Traditional A/B testing has stuck around for decades and is an important tool in a marketer’s  toolkit, but there also exist other techniques for testing, some that even perform better and combat the flaws of A/B testing. Let’s explore them in this blog.

Suppose you’re a marketer and you want to run a campaign to maximise clicks by sending notifications to users who have opened your website. These are your options for the notification text:

  • Get 50% off on your next purchase, click to see your offers now!
  • Buy 1 get 1 free on premium products!
  • Big sale! Check out these items before they’re out of stock!
  • 50% discount on your favorite products! Avail now!

Now, prior to sending the campaign, you don’t know how each one will perform. Usually, a marketer would do one of these:

  1. Select one of these based on your intuition and hope it works well.
  2. Do an A/B test with these campaign texts, and select a winner after some time, based on which is getting the most clicks.

Generally, a marketer will use A/B testing

A/B testing essentially involves 2 stages:

  1. Explore the options on a small percentage of users
  2. Exploit the information gathered from the exploration stage by sending the winning variant to the rest of the users who haven’t received any options 
A/B Testing

Unfortunately, A/B testing comes with flaws.

  • Did you explore each variant enough?
  • Was the campaign sent to enough users before selecting a winning variant?
  • Are seasonal trends being accounted for?

What if, based on new information, you could keep trying different variants and continuously give preference to the best performing one?

Can you continuously Explore and Exploit?

Here is where Multi Armed Bandit approaches become useful.


The Multi Armed Bandit (MAB) problem is a common reinforcement learning problem, where we try to find the best strategy to increase long-term rewards. Multi Armed Bandit performs continuous exploration along with exploitation.

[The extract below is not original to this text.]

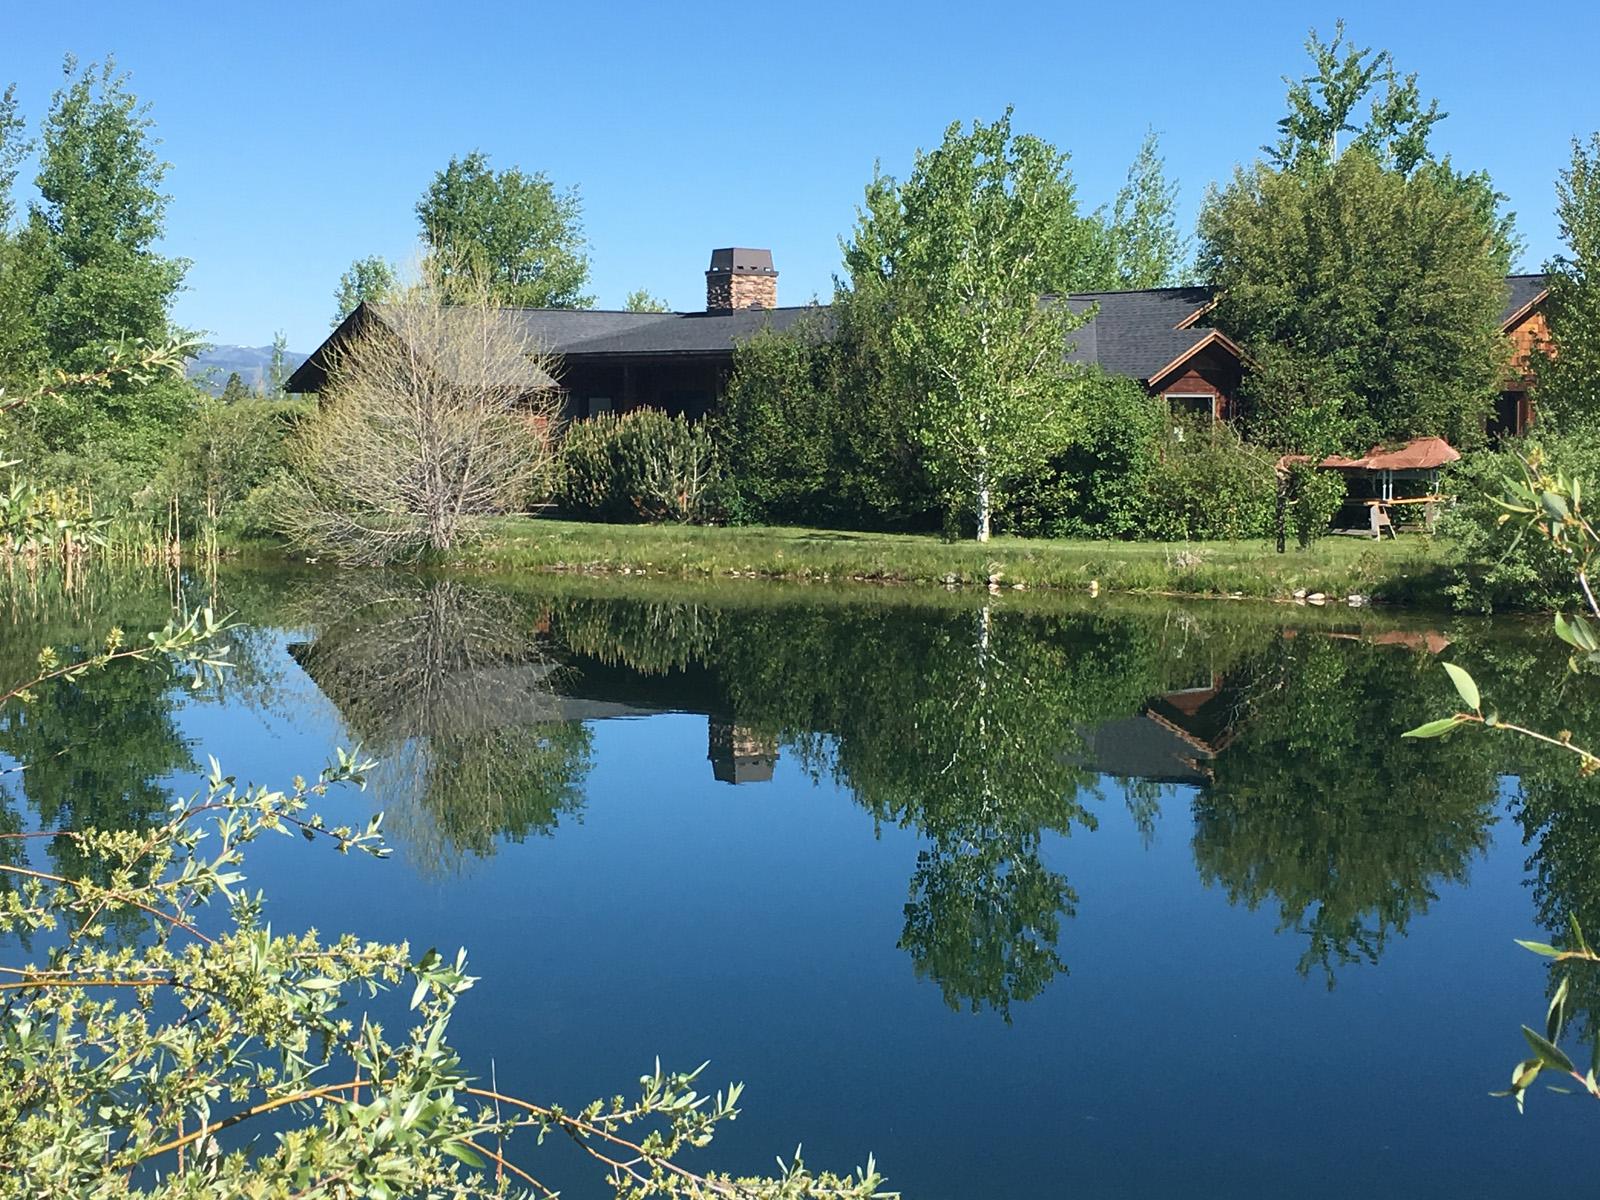 独户住宅 为 销售 在 Water View in Victor 585 Cattail Drive 维克多, 爱达荷州, 83455 Jackson Hole, 美国

That is, even while testing out all the variations, MAB ensures that the highest possible number of clicks are received.

Instead of an A/B test, where you run the test, then select the best alternative and run with it, MAB optimises and drives more traffic to the best alternative while running the test, hence reducing missed opportunities.

Let’s look at various MAB techniques using Python code and an example dataset

Full code available here: 

Sample Data:

Consider a scenario where we have 4 ads, with approximate CTRs (Click-Through Rate = number of clicks/ number of views) of:

Ad 1: 12%, Ad 2: 14%, Ad 3: 10%, Ad 4: 11%

This is not known to us before running the campaign. If we knew this, we would show Ad 2 to all users and get the highest possible click rate.

These ads are shown to people opening your website, and the campaign runs for 10 days. You get approximately 1000 users everyday, for a total of 10000 users.

Sample data

Each row is a user, 1 means that user clicked on that specific ad, 0 means they didn’t. Some users clicked on no ads, some clicked on multiple.

Number of clicks we’d get if we showed Ad N to all 10000 users

As we can see from this distribution, Ad 2 has the highest click-through rate.

If this was already known to the marketer, they would show Ad 2 to all users, and get the highest possible number of clicks, i.e. 1390

But this isn’t known, so they can solve this problem with MAB, maximizing the number of clicks while also exploring the variants to find the best one.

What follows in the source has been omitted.